The authors use their specialized reward model SPATIALSCORE to guide online RL training of Flux.1-dev, resulting in improved performance across multiple spatial reasoning dimensions including object positioning and attribute consistency. Results show consistent gains over the base model, particularly in complex multi-object spatial relationships, while also demonstrating better generalization than models trained with rule-based rewards. The approach achieves higher overall scores by focusing on fine-grained spatial alignment rather than relying on generic text-image matching.

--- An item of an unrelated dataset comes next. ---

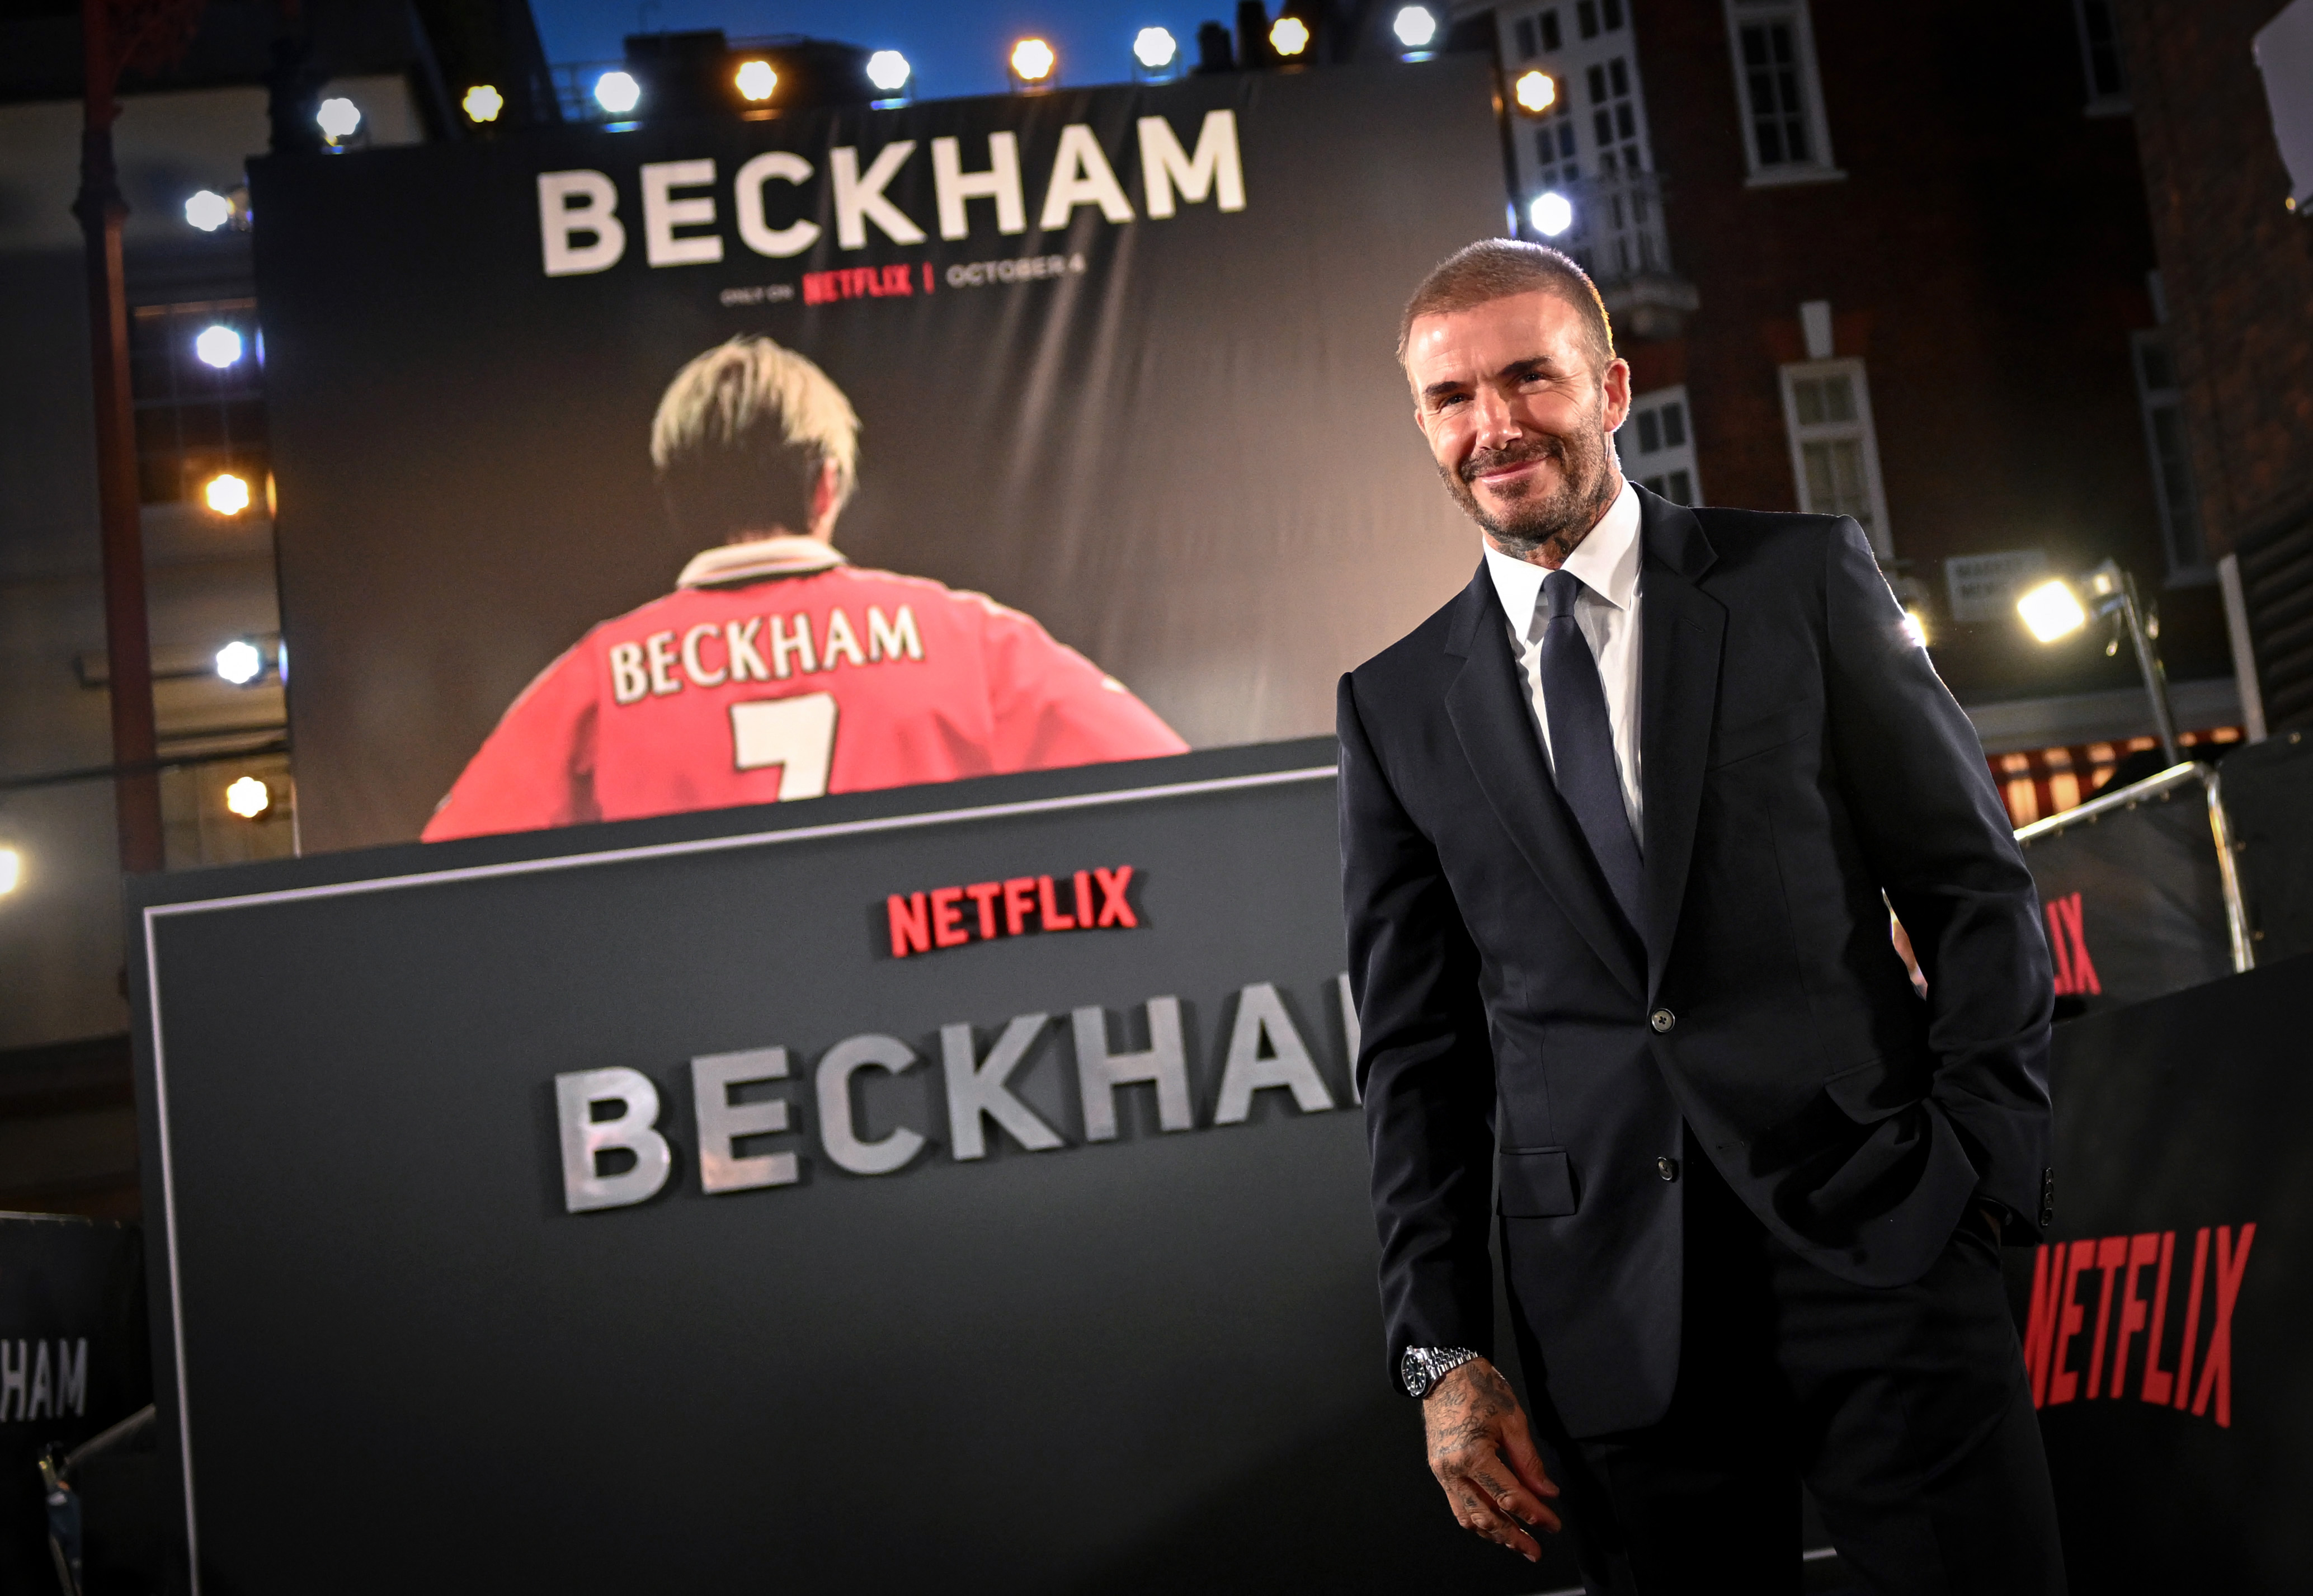 Tin chuyển nhượng trưa 10/10: Beckham xác nhận sở hữu Man Utd? Messi cập bến giải đấu của Ronaldo
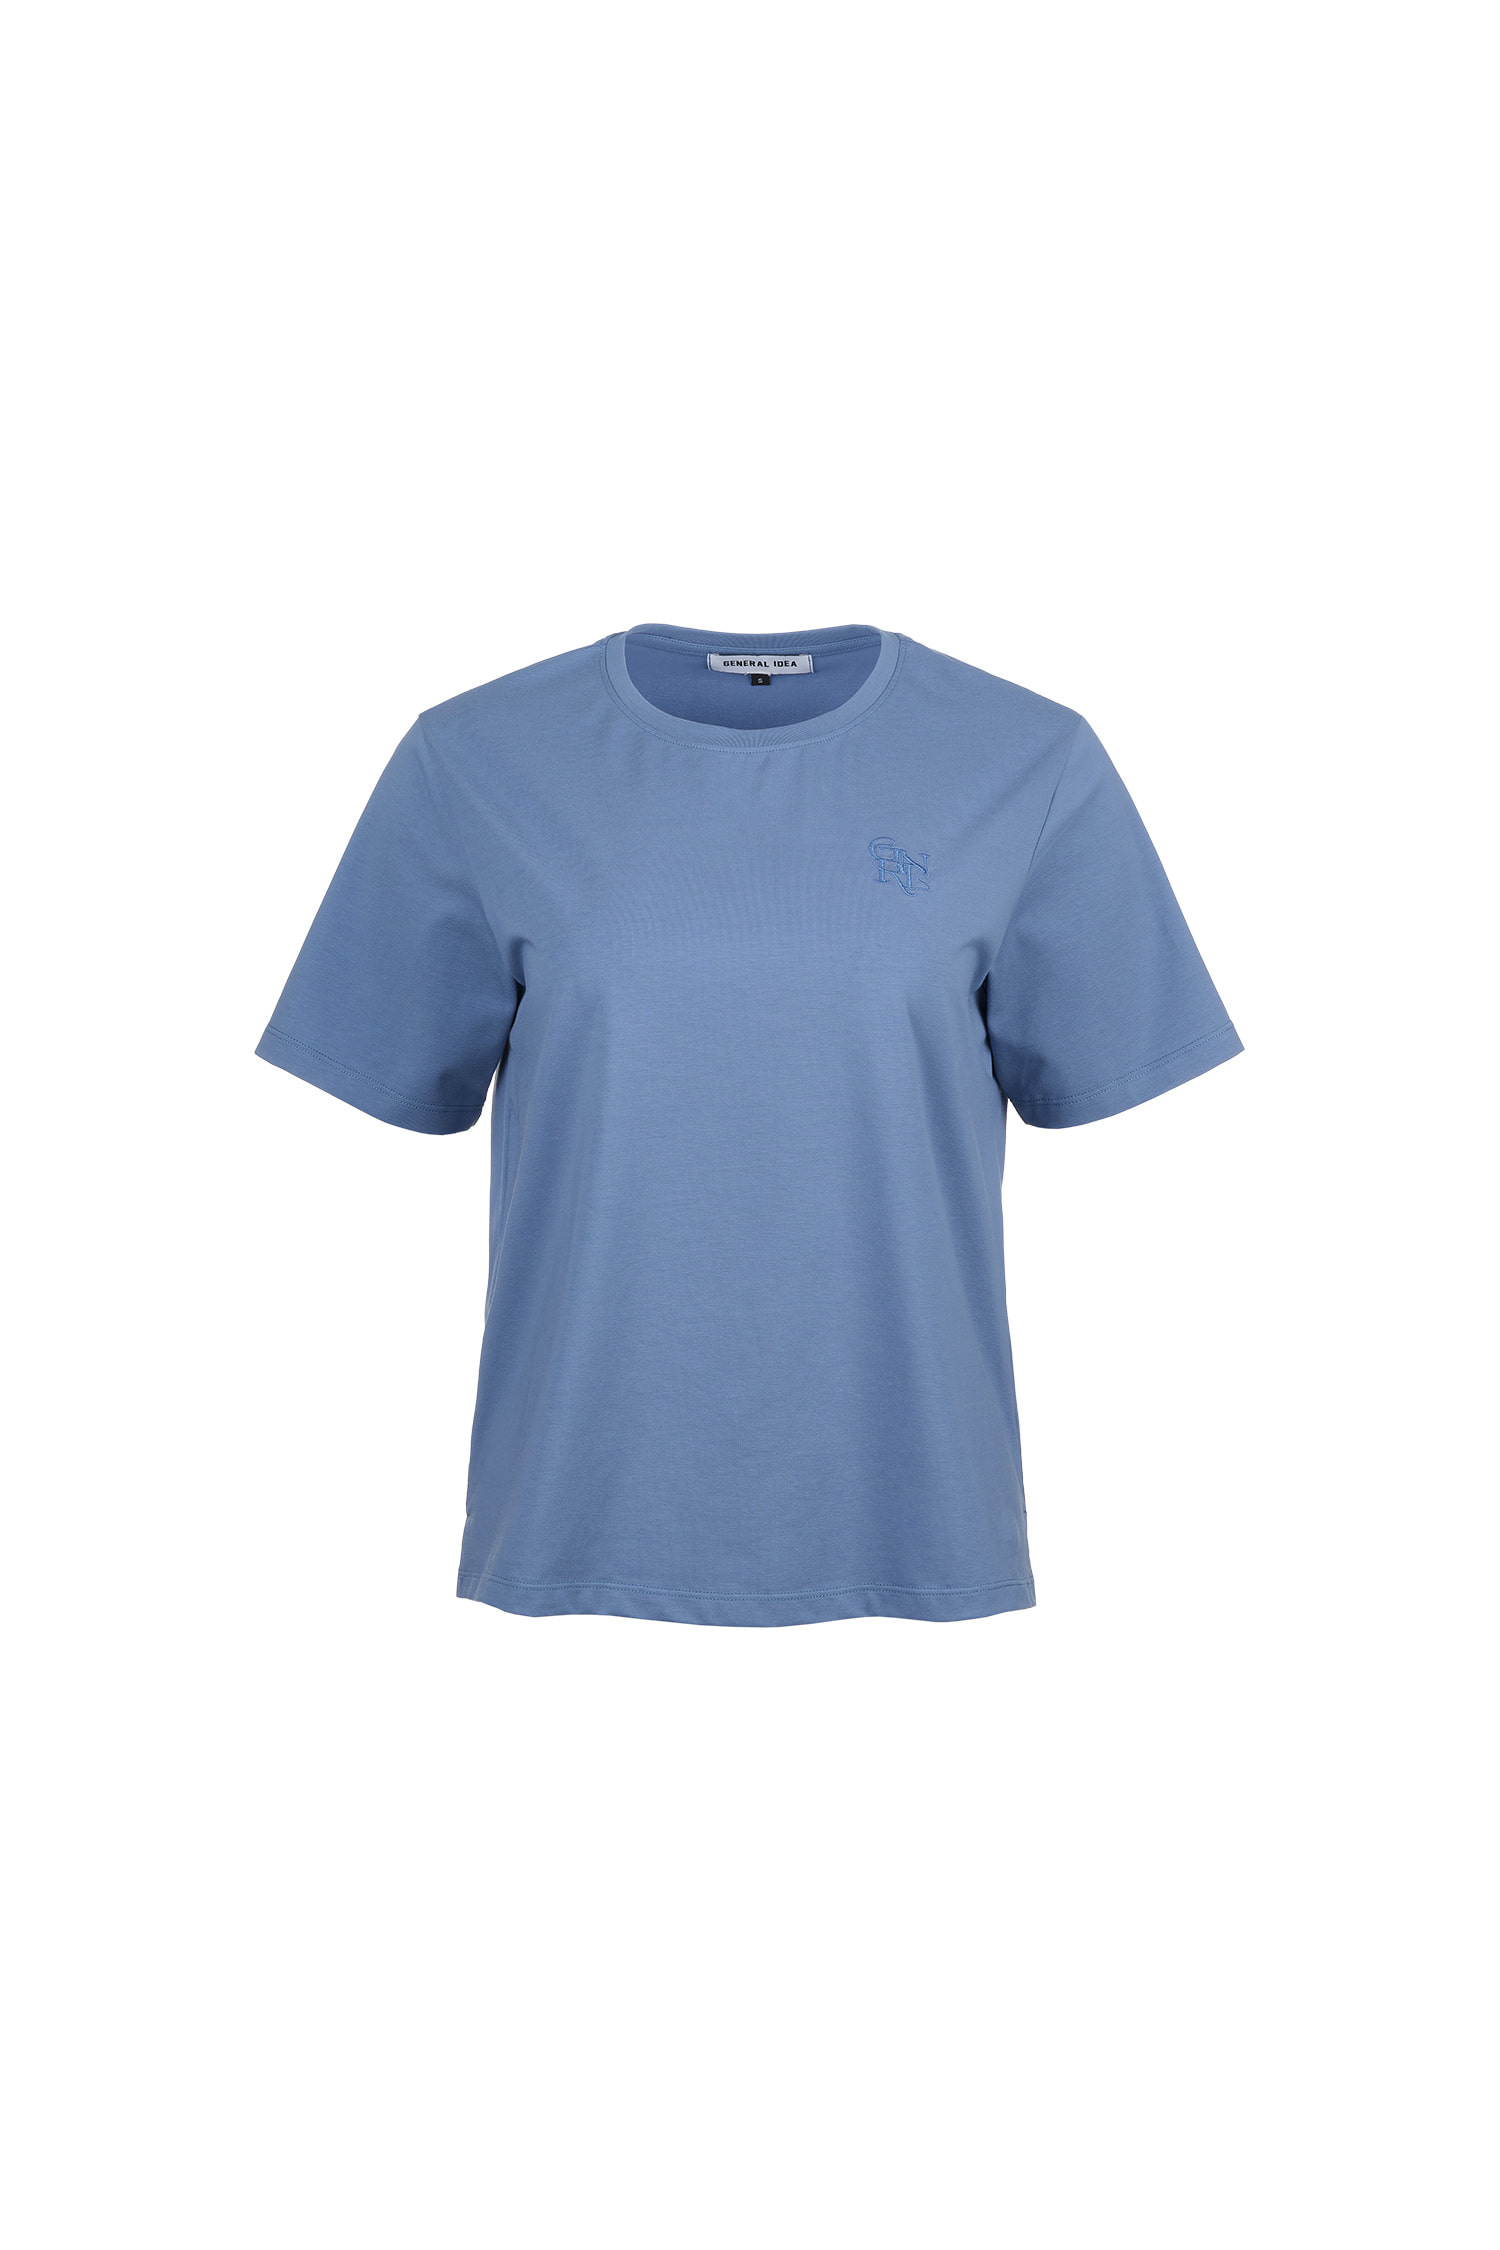 WOMAN GNRL シルケット スパン Tシャツ [BLUE]

The authors use a top-k filtering strategy during online RL training to balance reward distribution across prompts of varying difficulty, which reduces computational cost while maintaining or improving performance. Results show that using k=6 achieves the best tradeoff, yielding higher scores on spatial reasoning benchmarks and fewer function evaluations compared to both the unfiltered baseline and the k=4 variant. This optimization enables more efficient training without sacrificing spatial understanding quality.